Let me start off by saying I really liked the idea of reworking some of the original dungeons from vanilla.  The new Deadmines is fun (though most people bitch about it taking too long).  New Shadowfang is a bit less cool but at least it has a neat nostalgia factor to it.  That said, I really don’t want this to be a well they return to throughout the course of Cataclysm.  Reworking 5-mans as updated 5-mans is one thing – reworking raid instances into 5-mans is another.  They’re already rehashing half the end-bosses from vanilla raids (Nefarian, Ragnaros) in new raid content, is it too much to ask for something (completely) new?

Given that I can’t raid hardcore anymore, I’ll probably take advantage of ZA and ZG despite my bashing of the idea.  After all, Death Knights weren’t able to ever obtain the Bear mount from ZA and 10 months worth of ZG runs twice a week resulted in the one Tiger mount drop I ever saw being won by a rl friend.  Still though, the mounts aren’t identical, couldn’t this have all been part of some new troll instance somewhere?

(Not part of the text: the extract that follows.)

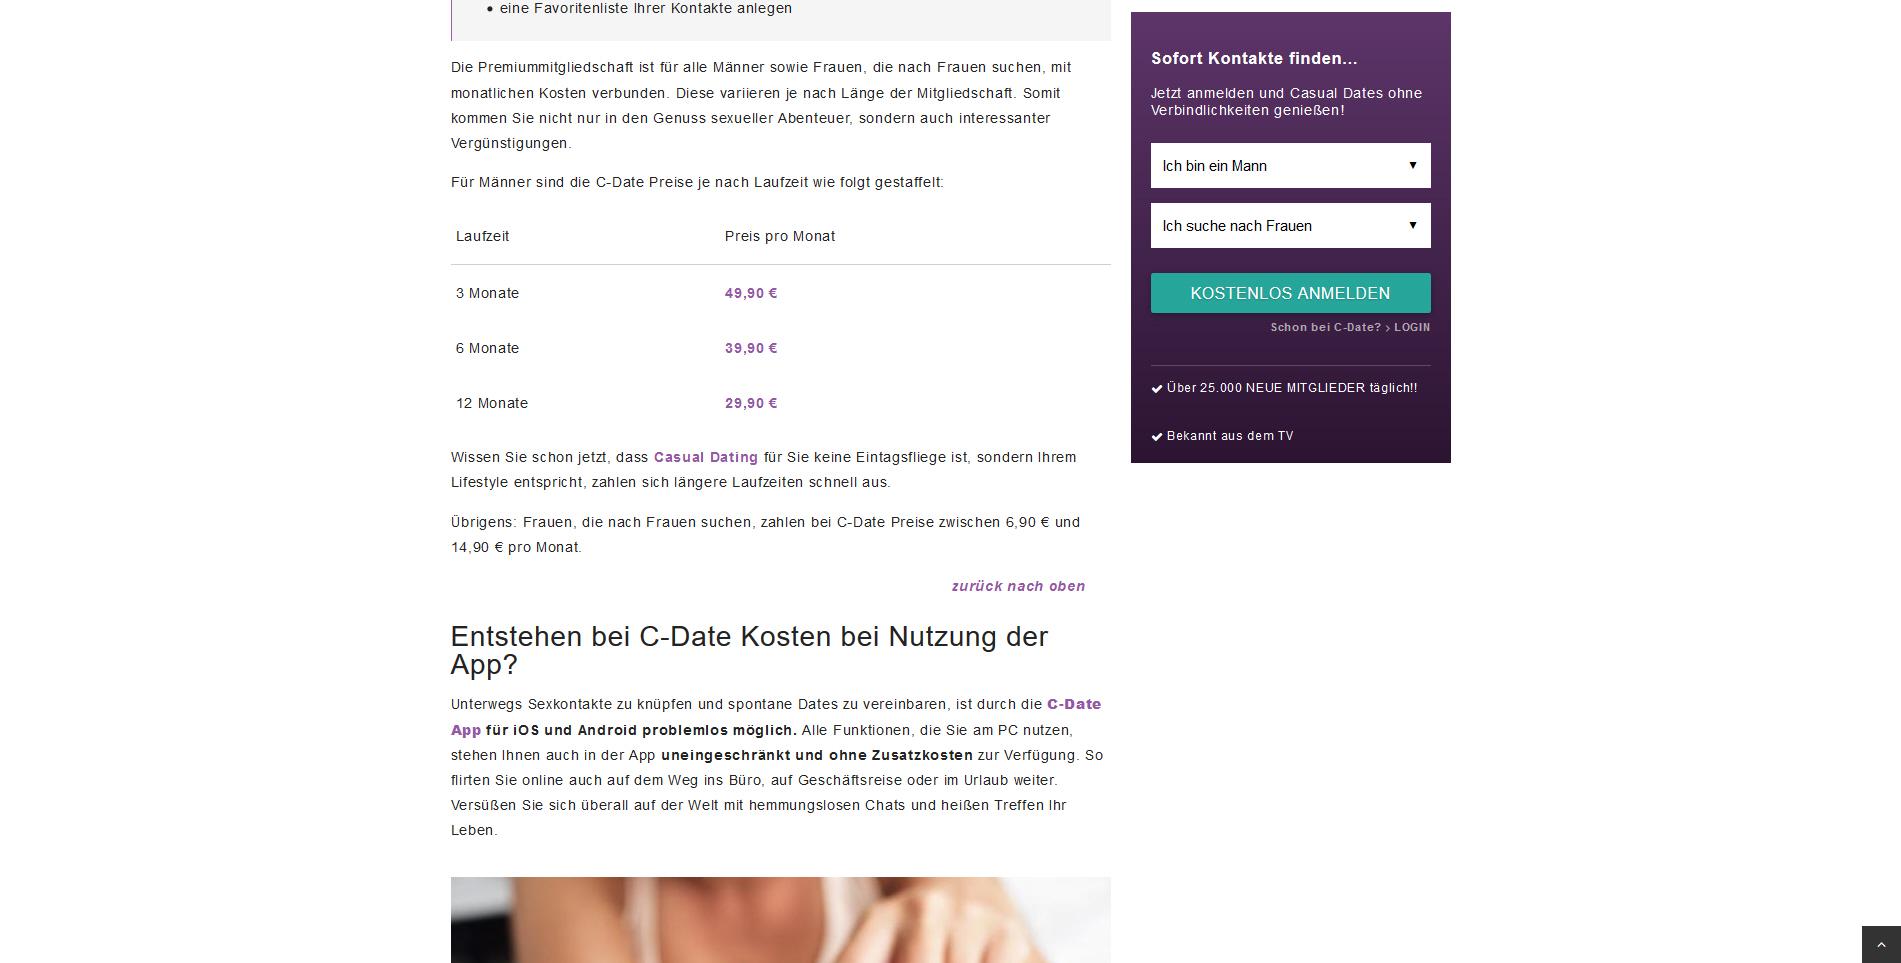 Preise C-Date

The bigger thing about 4.1 that kinda astounds me is that many (maybe thats an overstatement, maybe) people will be looking to this patch to determine whether they should stick with WoW or head to the greener pastures of Rift.  I know in my last post I wrote about how I would ultimately not be staying with Rift, but the fact remains that it looks to be the best MMO to be released since WoW and could actually steal some subscribers.  Blizzard should be responding to the release of Rift with something new and cool, something that says, “sure they have big rifts in the sky, but we have THIS!”

Instead they are saying, “here’s a lot of stuff you’ve already seen to some extent in the last 3-5 years with a new coat of paint.  New shit will be here in June so please stay tuned!”

Maybe they are underestimating Rift, maybe they really think these smaller, more frequent patches will appear to more players, maybe both – I can’t say for sure.  But it seems to me that, knowing many guilds blew through Cata release content a lot faster than Blizzard would have liked (unless you’re a 10-man guild – more on that in a future post), and knowing a new MMO just launched that actually provides an enjoyable experience comparable to WoW, now would be the team to present your best stuff.

In the long run, it probably won’t matter.  It’s not like Blizzard is going to lose 50% of their subscribers overnight to Rift or any other game.  They probably know that they’ll keep most of these folks either way.  And maybe that’s the real problem.

Return of the Suck!

Yep, we’re back. New, casual outlook on WoW, same shitty outlook.

Check out the post below, it might help you not waste your time with Rift!

My gift to you. Happy Tuesday.

Oh and check me out on twitter @mymagesucks !

We’re not in Azeroth anymore…

From Half man, half amazing

Like a bunch of my WoW buddies, I picked up Rift when it launched this past week and am currently stumbling through my free month of play time.  The free month is a crucial time for any MMO – they basically have four weeks to present enough interesting content to you to make you want to slap down 15 bucks a month after that to keep playing.

For most people, this translates to whether or not they have an enjoyable experience leveling a new character to max level and maybe getting a brief look at some PvP along the way.

The tagline I saw in all the commercials for the game was “We’re not in Azeroth anymore” – an obvious “fuck you” to Blizzard and World of Warcraft.  They threw down the gauntlet against a record-setting MMO juggernaut, but do they have the content to back it up?

What Trion has built to distinguish their game from WoW is also it’s namesake – the rifts.  Rifts randomly tear open in the sky in every zone in the game, invaders pouring out of them in waves which must be defeated by large groups of players.  If left to their own devices, more and more invasion waves will spawn out of each Rift and eventually overrun the various towns and quest hubs in the zone.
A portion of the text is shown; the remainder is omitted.